Until genuine travel resumes, virtual vacations can encourage curiosity, teach children about other parts of the world, and help them feel less trapped at home. It can give grownups an outlet for their wanderlust—and even let them test-drive travel plans. For some, that has meant ordering lunch from a menu in Spanish, building Big Ben from cardboard, or making Mickey Mouse waffles and throwing a kitchen parade as a substitute for a few days in the Magic Kingdom. For others, it can be more elaborate, involving planned “itineraries” that include visits to virtual museums and shared research on a region’s history.

Just as with real vacations, however, these reenactments can easily misfire. How to maximize your odds of success? We tapped some experts to find out. The strategies vary by age, and they reveal some of the pitfalls in planning real trips, too.

Keep It Simple
For one family that asked around online, looking to recreate a trip to France, the ideas that came pouring in on Facebook were plentiful—maybe overwhelming. Build the Eiffel tower out of Legos! Make crepes Suzette! Paint the Mona Lisa! Sing along to Edith Piaf! Dress up as mimes! Bake croissants! Fold paper boats as if you’re in the Luxembourg Gardens! Don’t forget to stock up on plenty of Champagne for after bedtime! 

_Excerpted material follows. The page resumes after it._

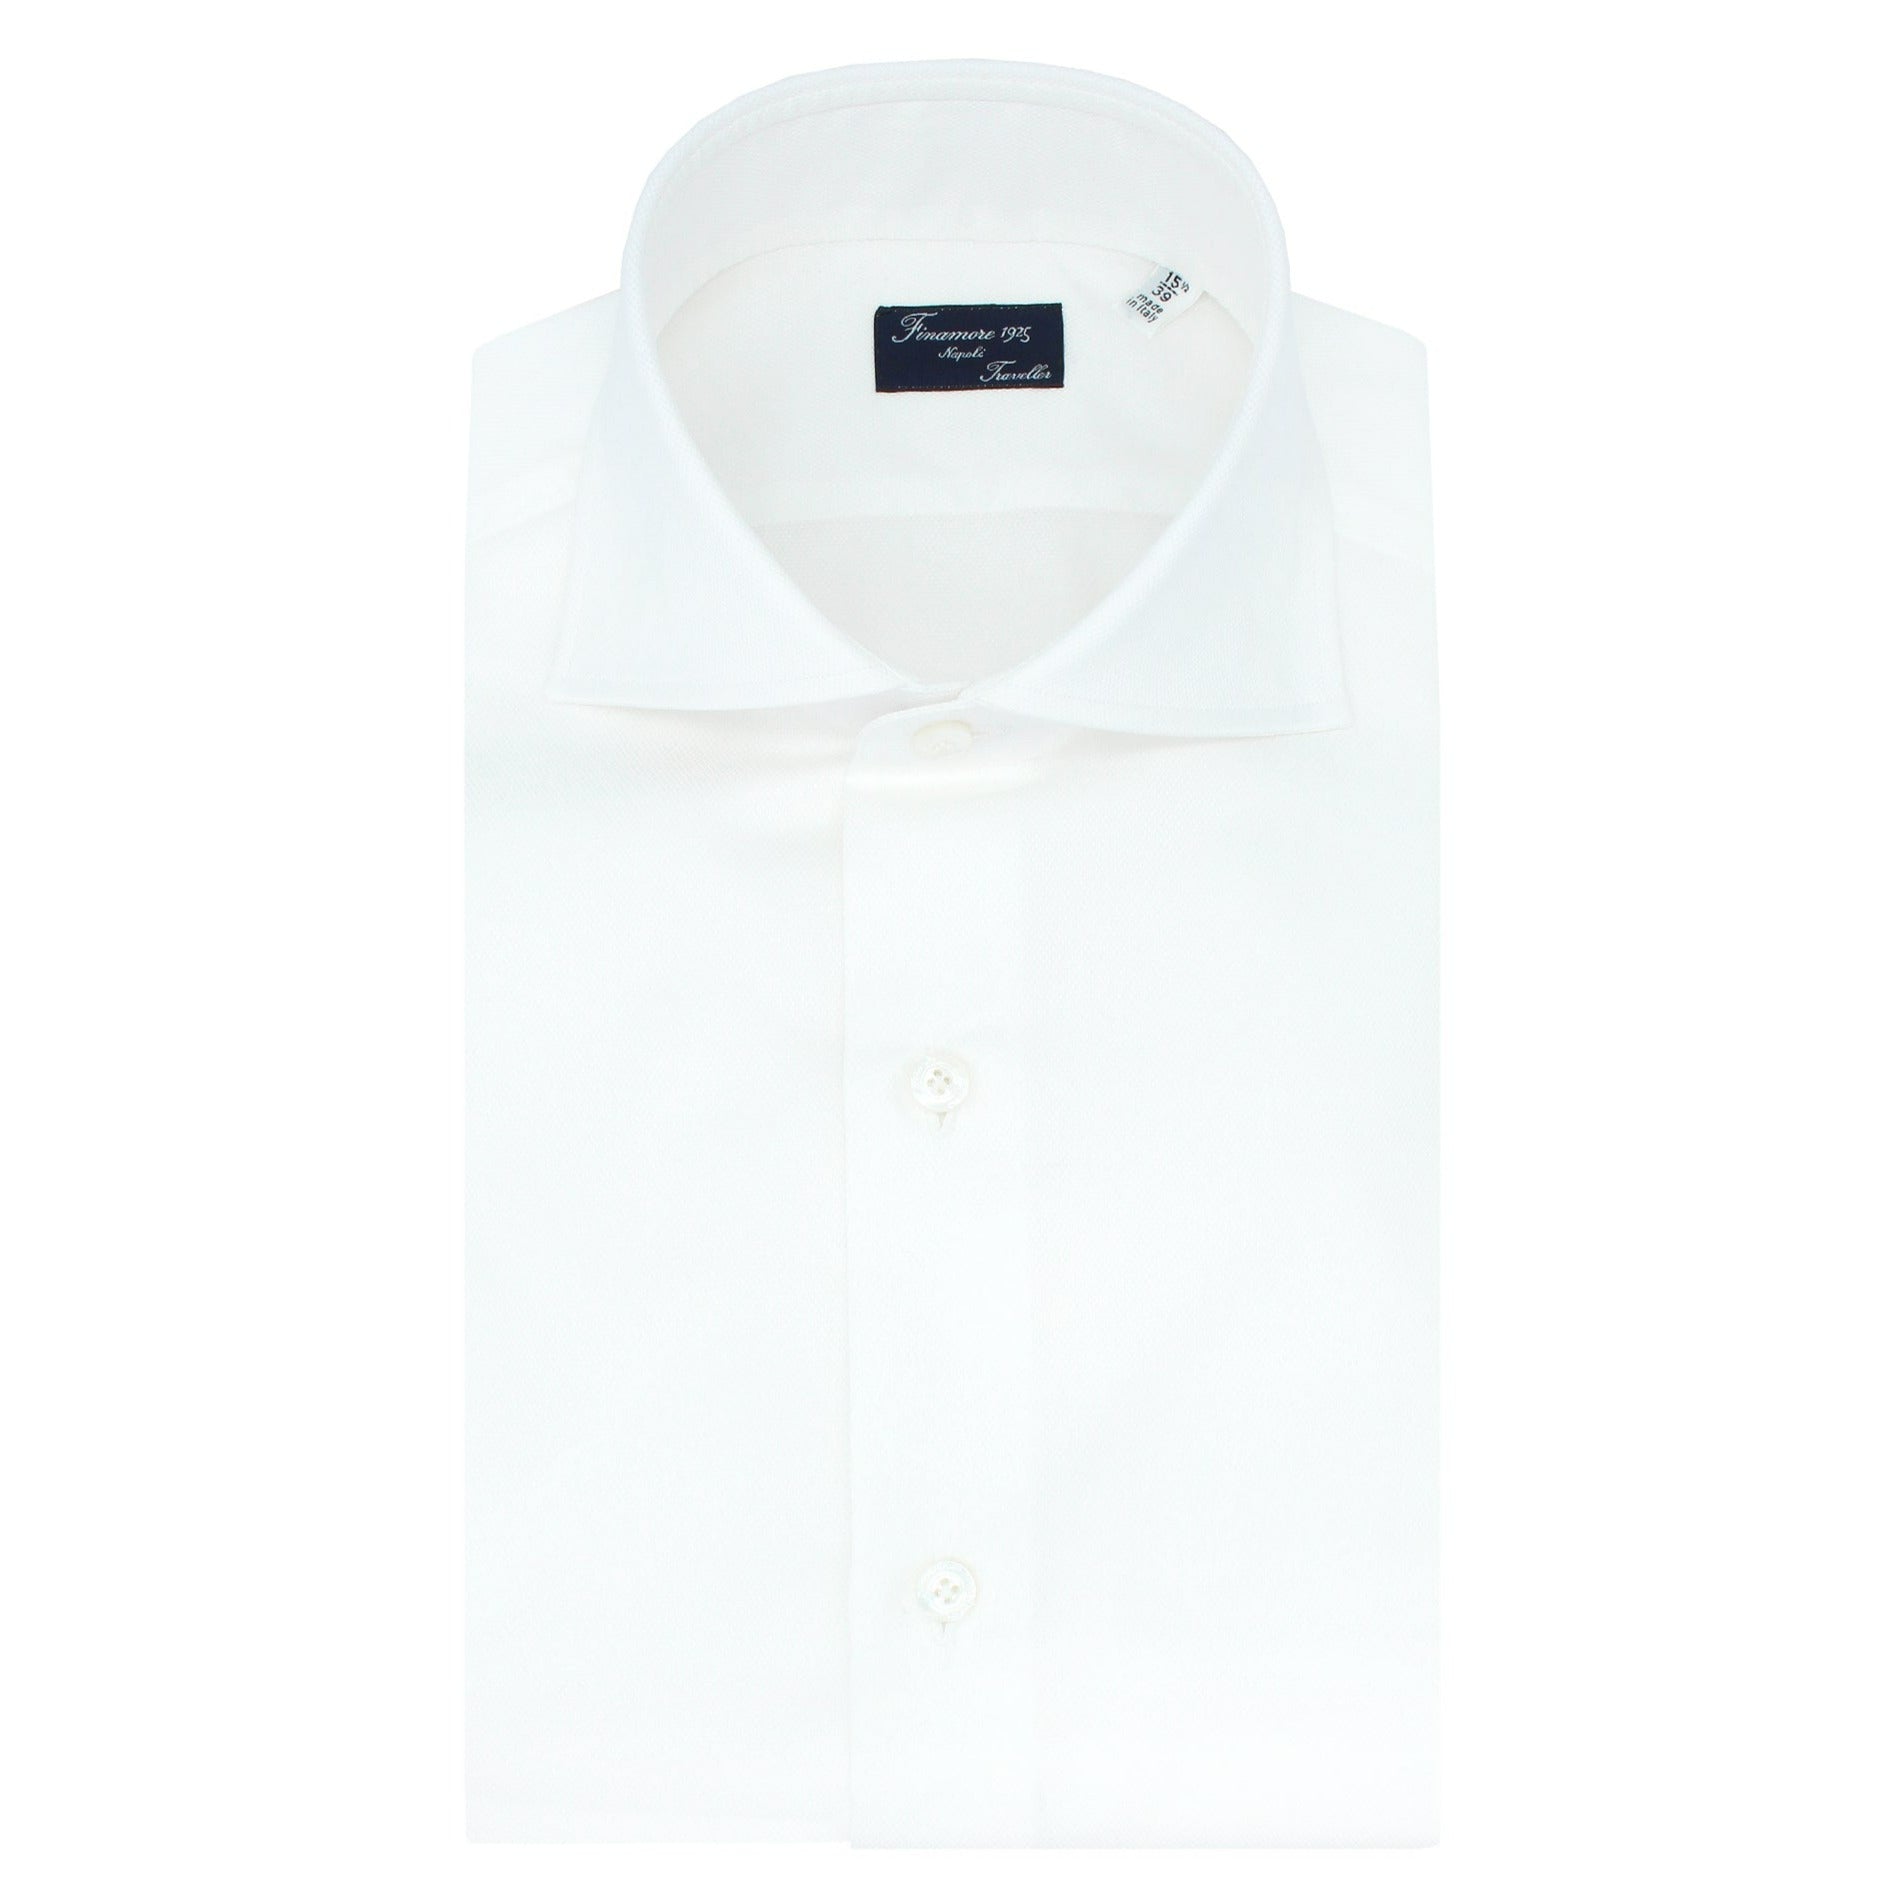 Classic NAPOLI traveller regular fit shirt in white cotton

Replicating a full itinerary in all its detail isn’t just time-consuming. It’s unnecessary, says Samantha Stewart, a child and family psychiatrist in Los Angeles, particularly if you have kids up to 7 or 8 years old.

“Kids are being given a lot of tasks to fill the time right now,” says Stewart. And organized activities aren’t necessarily the most rewarding part of real travel. While real vacations may encourage curiosity and exploring, their biggest benefit for younger kids is simply getting to spend lots of time with parents who are in a more relaxed state.